Additionally, according to a discussion on Math Stack Exchange, vectors need to be ordered for the scalar product to be defined. If we are permuting the upper indices, how can we evaluate such a product, especially if, for example, a state from space 1 is to be taken with a state from space 3? Does "identical particles" mean identical Hilbert spaces? Is it set to be zero?
Best Answer
I will assume you are OK with the above equation, which I have tagged as Eq. (A).

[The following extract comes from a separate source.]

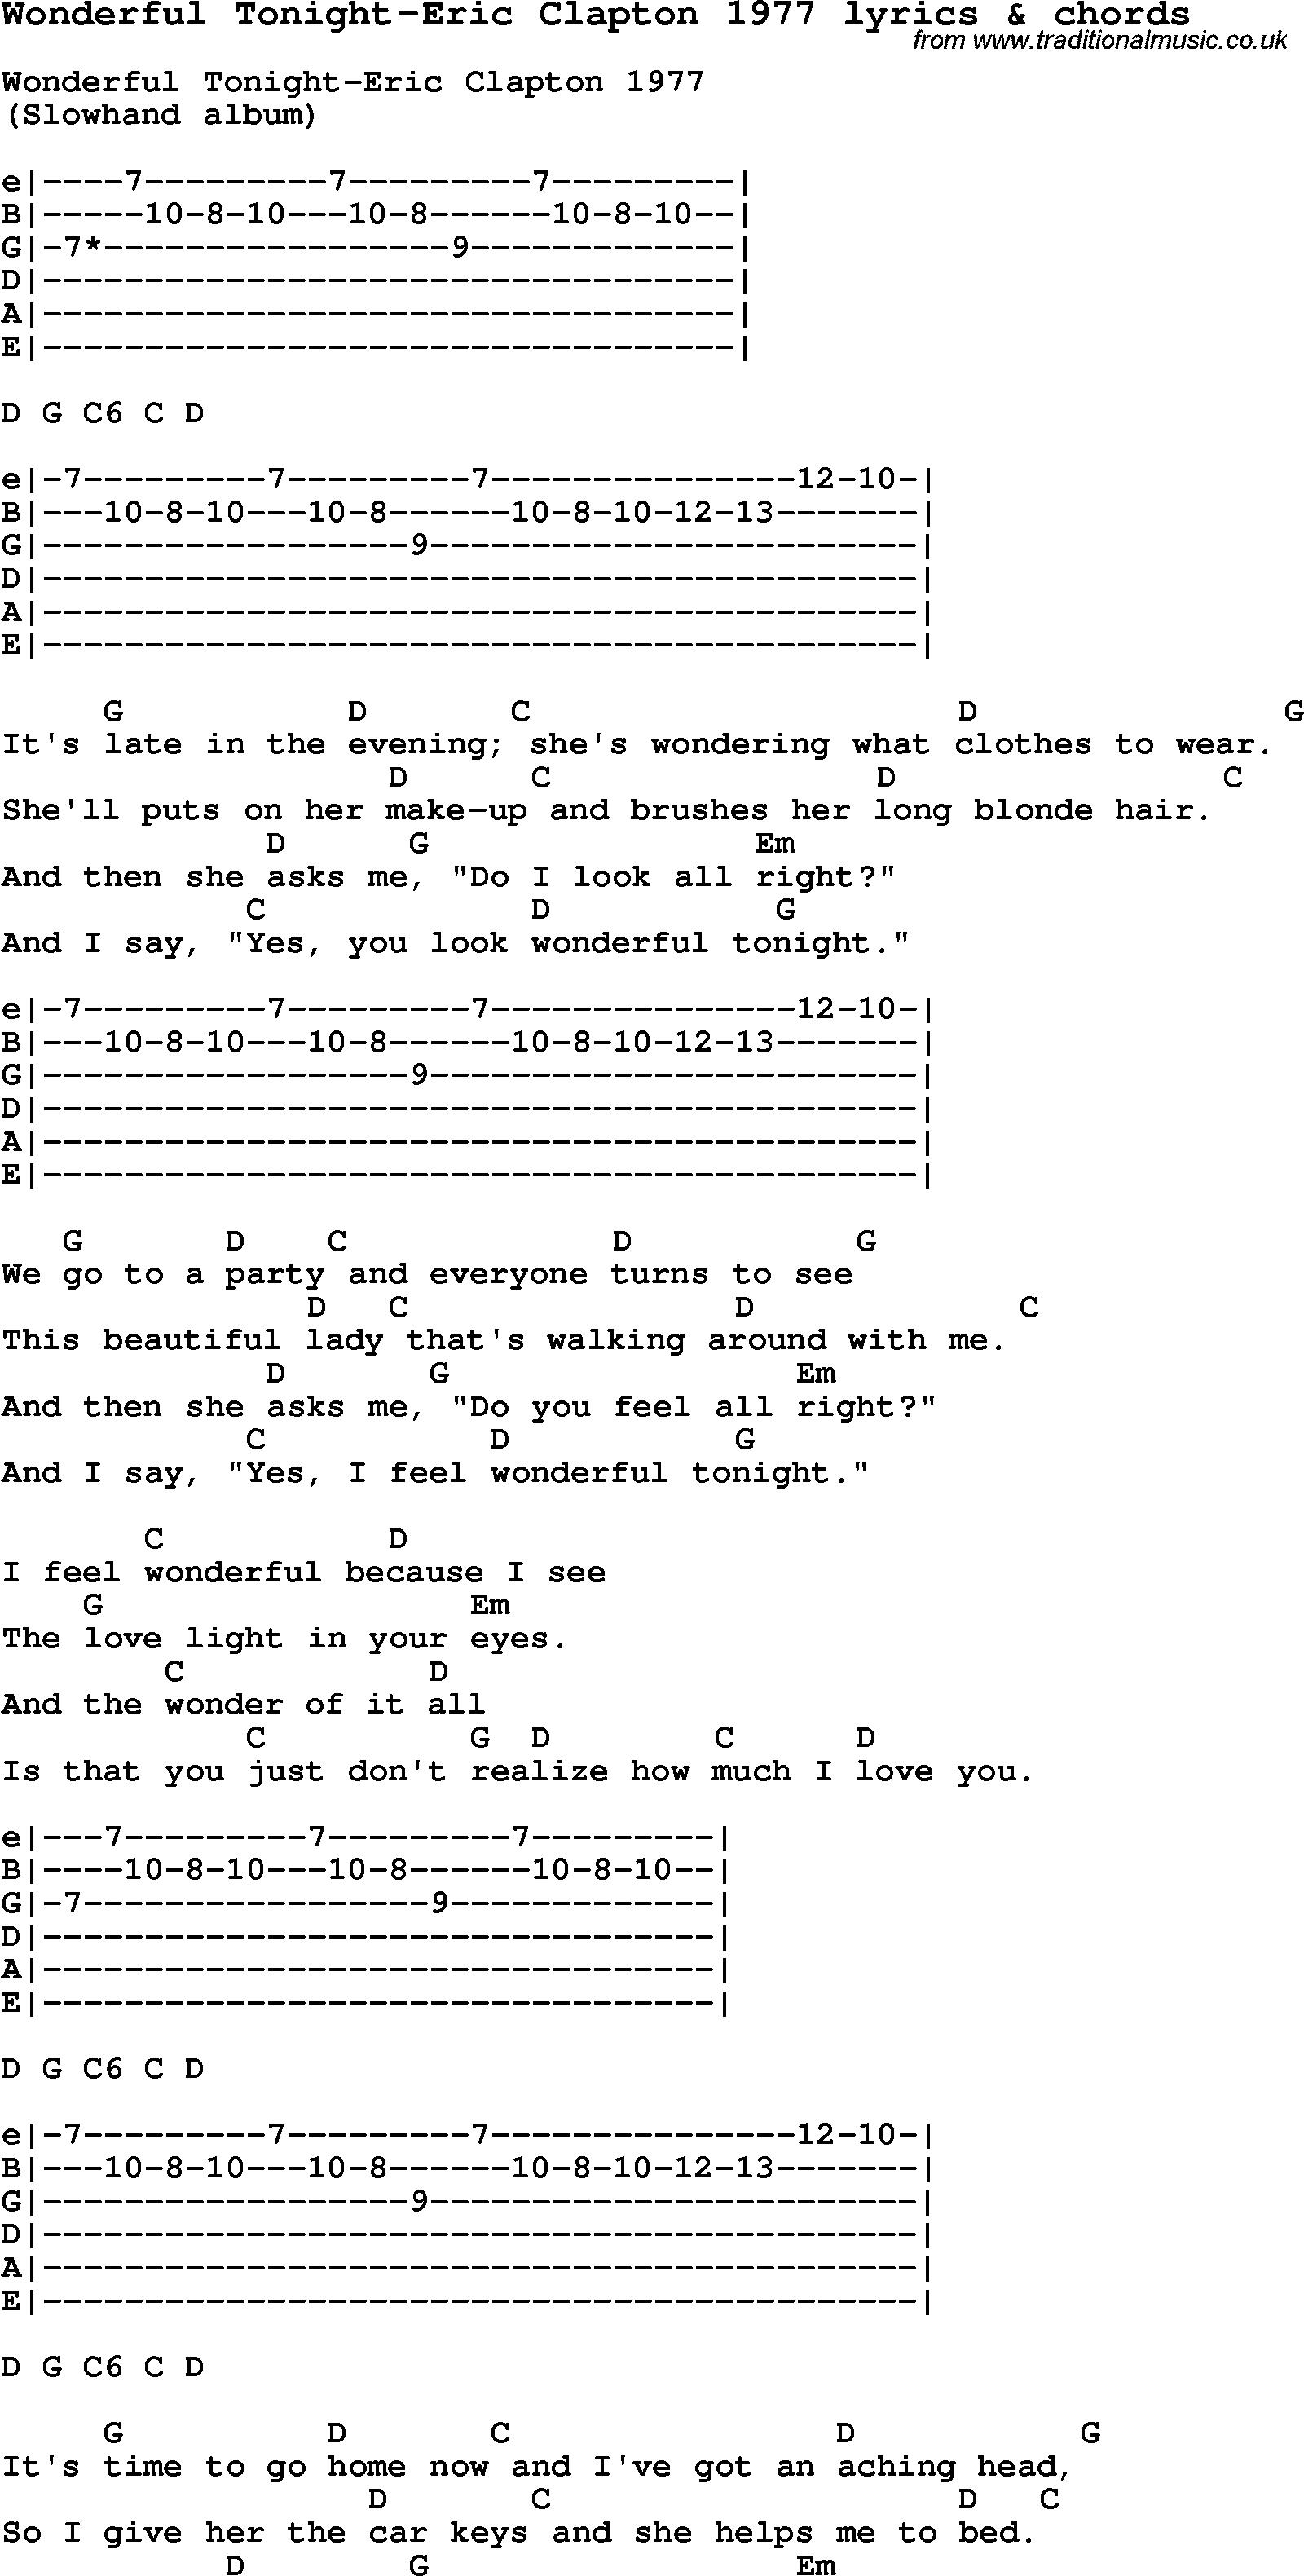 Love song lyrics for wonderful tonight eric clapton 1977 with love song lyrics for wonderful tonight eric clapton 1977 with chords for ukulele hexwebz Choice Image

Suppose that every orbital (or "base vector") was different, in this case the occupation numbers would all be $n_i=1$ and the result would be: $$ \langle \phi_N^\pm \vert \phi_N^\pm \rangle = \frac{1}{N!}\;. $$
This is consistent with Eq. (A) (tagged above), since for this case only the identity permutation can contribute. This is true since if there is any non-trivial permutation then you end up with a orbital product like $\langle\phi_i|\phi_j\rangle$, where $i\neq j$.
OK, now suppose that one of the orbitals (e.g., the orbital $\phi_{15}$) is occupied by two particles. For this orbital $n_{15}=2$ and all others are $n_i=1$. In this case you only get a single $2!$ in the numerator since there are only $2!$ permutations that give a non-zero result (the two that swap the particles in orbital 15).
In general, think of a state of the product space as being denoted by an ordered sequence of orbital numbers like, for example, if there are 12 particles and 5 orbital states: $$ [1, 1, 1, 2, 2, 3, 3, 3, 3, 4, 5, 5]\;. $$ In the above example, there are $12!$ possible permutations, but all $3!$ of the permutations where I only permute "1" orbitals will end up looking the same. Similarly, all $2!$ permutations where I only permute "2" orbitals will look the same. Similarly, all $4!$ permutations where I only permute "3" orbitals will look the same. And finally, all $2!$ permutations where I only permute "5" orbitals will look the same. In fact, I will have a total of $3!\times 2! \times 4! \times 1 \times 2!$ of states that "look the same." Since I can permute around all the same-named orbitals as much as I want.
It is only the states that "look the same" that can contribute to the sum, since otherwise I will have a inner product of two orthogonal orbitals giving zero.
The above example about which states "look the same" can be generalized to say that $\Pi_i n_i!$ states will "look the same."
You will encounter similar calculations when you have to "choose" items out of a set. E.g., "5 choose 3" is equal to 10, since you can "choose" things by forcing them to be in certain positions, but then you have to "mod out" by the number chosen (3) and the number unchosen (2), so the result is $\frac{5!}{3!2!}$.